TimeFormer: Transformer with Attention Modulation Empowered by Temporal Characteristics for Time Series Forecasting
This work addresses the problem of improving time series forecasting accuracy for applications in domains like finance or weather prediction, representing an incremental advancement by enhancing existing Transformer models with temporal priors.
The paper tackled the challenge of adapting Transformers for time series forecasting by proposing TimeFormer, a novel architecture that incorporates temporal characteristics like unidirectional influence and decaying influence into the attention mechanism, resulting in up to a 7.45% reduction in MSE compared to state-of-the-art methods and setting new benchmarks on 94.04% of evaluation metrics.

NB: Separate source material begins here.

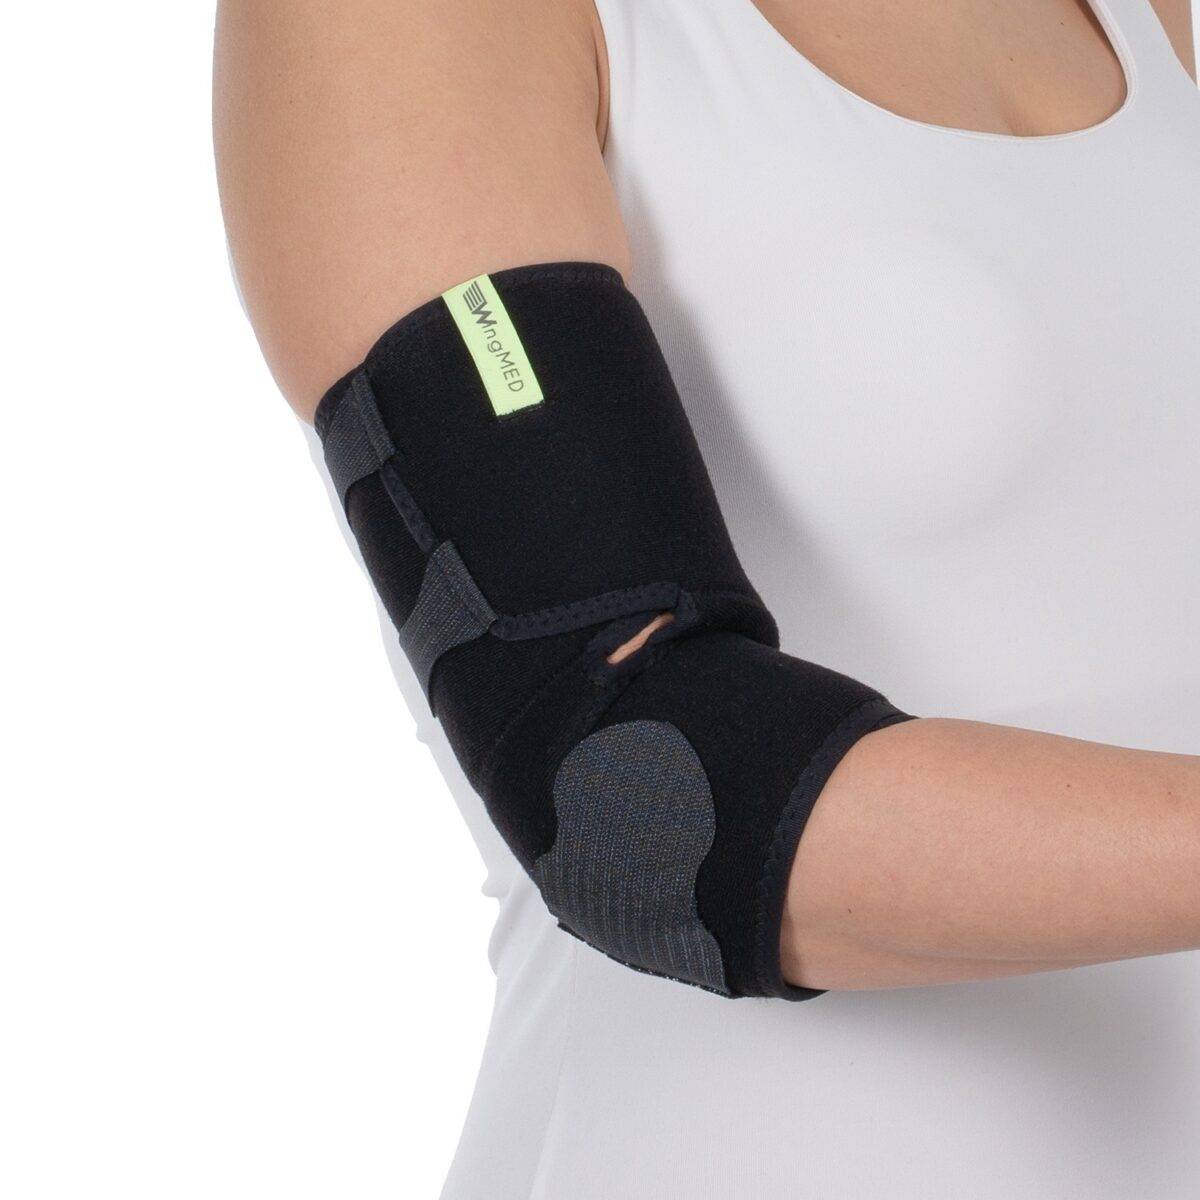 wingmed orthopedic equipments W203 W205 tennis elbow support 6

Although Transformers excel in natural language processing, their extension to time series forecasting remains challenging due to insufficient consideration of the differences between textual and temporal modalities. In this paper, we develop a novel Transformer architecture designed for time series data, aiming to maximize its representational capacity. We identify two key but often overlooked characteristics of time series: (1) unidirectional influence from the past to the future, and (2) the phenomenon of decaying influence over time. These characteristics are introduced to enhance the attention mechanism of Transformers. We propose TimeFormer, whose core innovation is a self-attention mechanism with two modulation terms (MoSA), designed to capture these temporal priors of time series under the constraints of the Hawkes process and causal masking. Additionally, TimeFormer introduces a framework based on multi-scale and subsequence analysis to capture semantic dependencies at different temporal scales, enriching the temporal dependencies. Extensive experiments conducted on multiple real-world datasets show that TimeFormer significantly outperforms state-of-the-art methods, achieving up to a 7.45% reduction in MSE compared to the best baseline and setting new benchmarks on 94.04\% of evaluation metrics. Moreover, we demonstrate that the MoSA mechanism can be broadly applied to enhance the performance of other Transformer-based models.